IT STILL DOESN’T EXIST…. In an apparent effort to appear even more foolish, the Wall Street Journal editorial board rails against a proposed economic stimulus package today, relying on support from the Congressional Budget Office.

The stimulus bill currently steaming through Congress looks like a legislative freight train, but given last week’s analysis by the Congressional Budget Office, it is more accurate to think of it as a time machine. That may be the only way to explain how spending on public works in 2011 and beyond will help the economy today.

According to Congressional Budget Office estimates, a mere $26 billion of the House stimulus bill’s $355 billion in new spending would actually be spent in the current fiscal year, and just $110 billion would be spent by the end of 2010. This is highly embarrassing given that Congress’s justification for passing this bill so urgently is to help the economy right now, if not sooner.

And the red Congressional faces must be very red indeed, because CBO’s analysis has since vanished into thin air after having been posted early last week on the Appropriations Committee Web site.
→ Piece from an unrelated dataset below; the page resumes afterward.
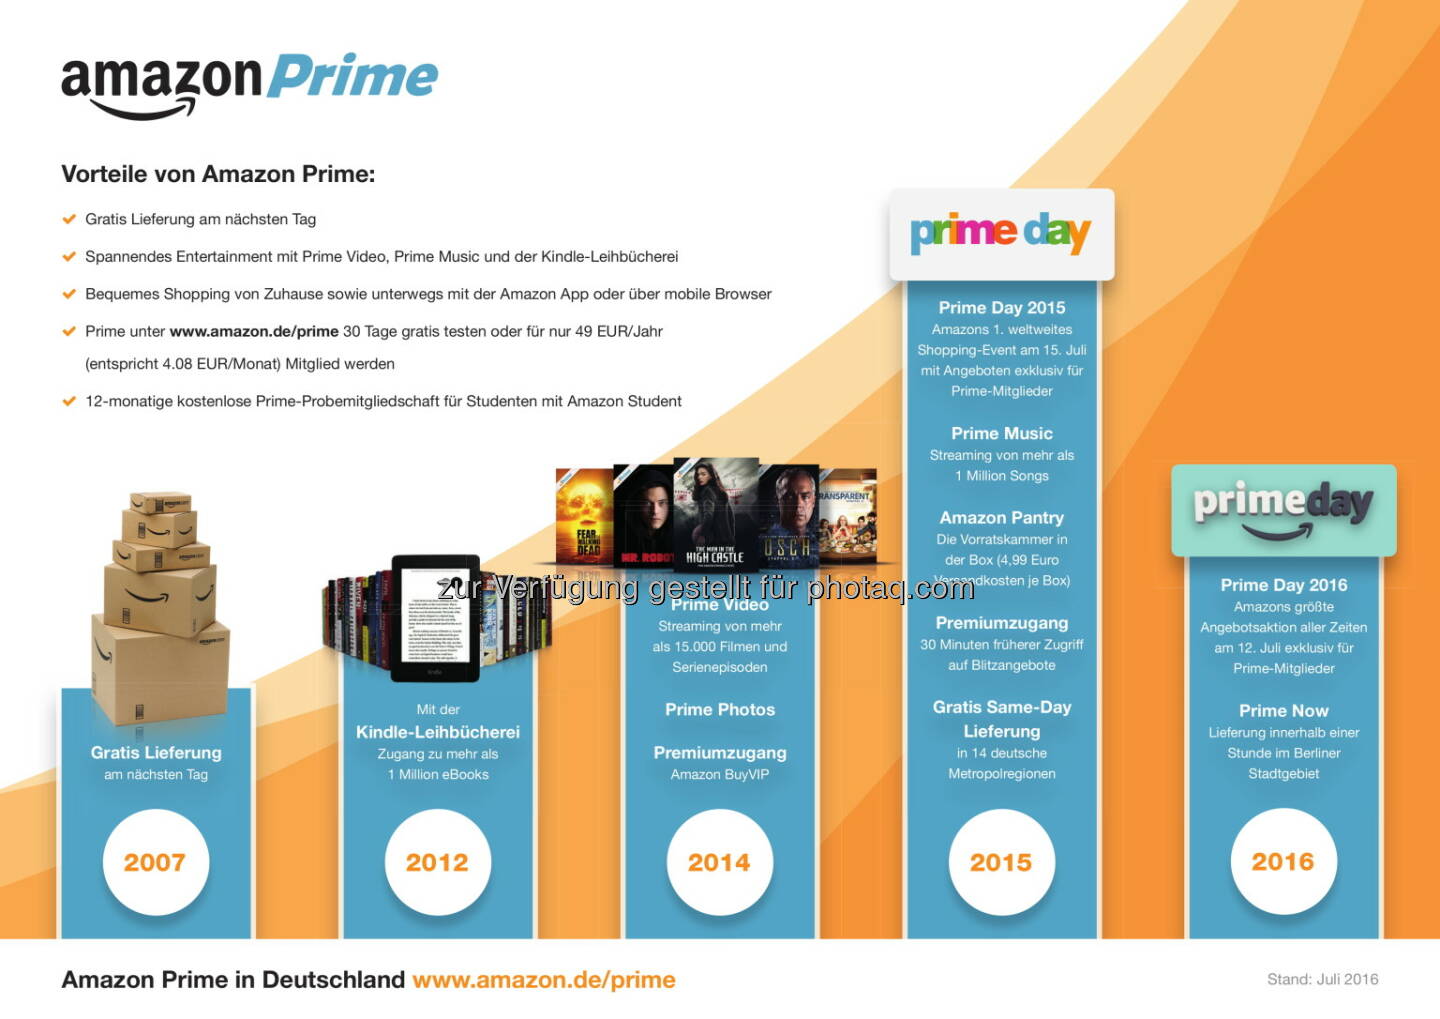 Amazone Prime Day 2016 : Mehr als 7 Millionen verkaufte Produkte auf Amazon.de : Fotocredit: amazon.de
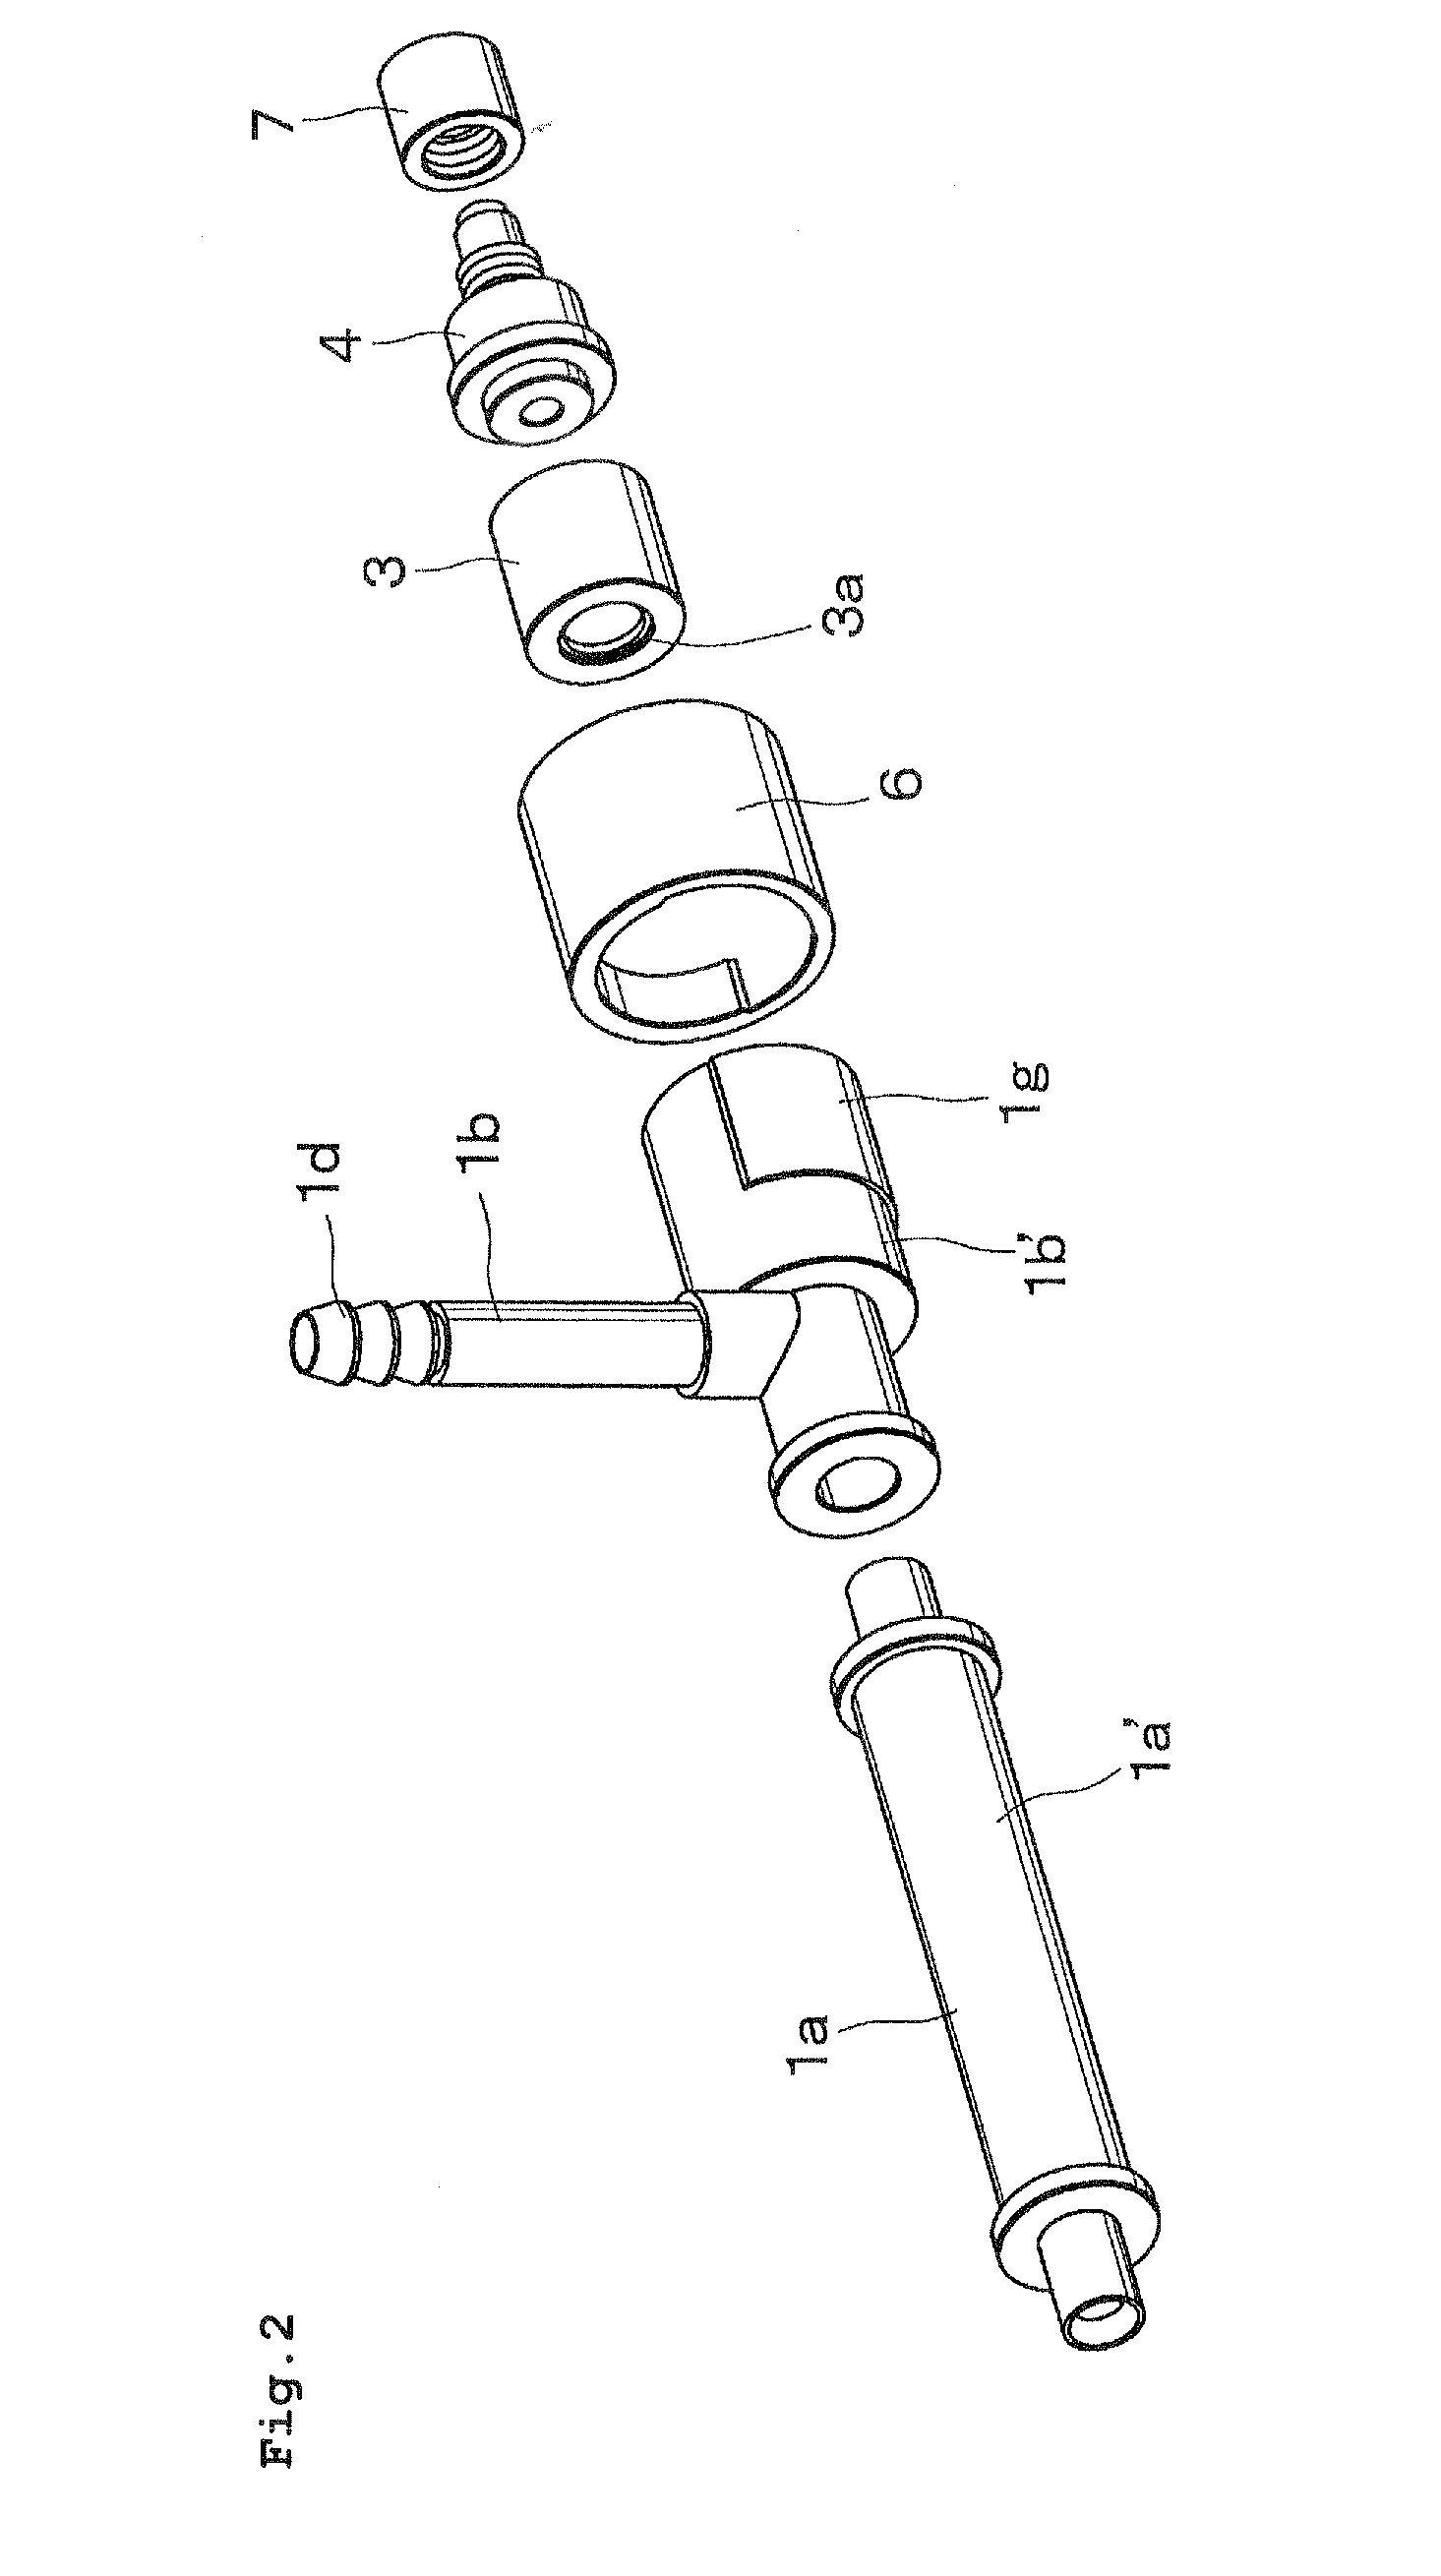 Ultrasonic type flowmeter apparatus and method of using the same

The Washington Times‘ Donald Lambro does the same, pointing to the CBO report as proof that the stimulus plan won’t improve the economy.

The problem, for those who were away from their computers over the weekend, is that the CBO report conservatives are relying on doesn’t exist. As both The American Prospect‘s Tim Fernholz and the Huffington Post‘s Ryan Grim reported, the CBO “ran a small portion of an earlier version of the stimulus plan” to see how quickly the proposal’s expenditures would be spent. It not only didn’t include large chunks of the stimulus plan, it also didn’t include more recent changes to the rescue package.

The WSJ editorial board describes the non-existent CBO report as “highly embarrassing” for Democrats. The irony is rich.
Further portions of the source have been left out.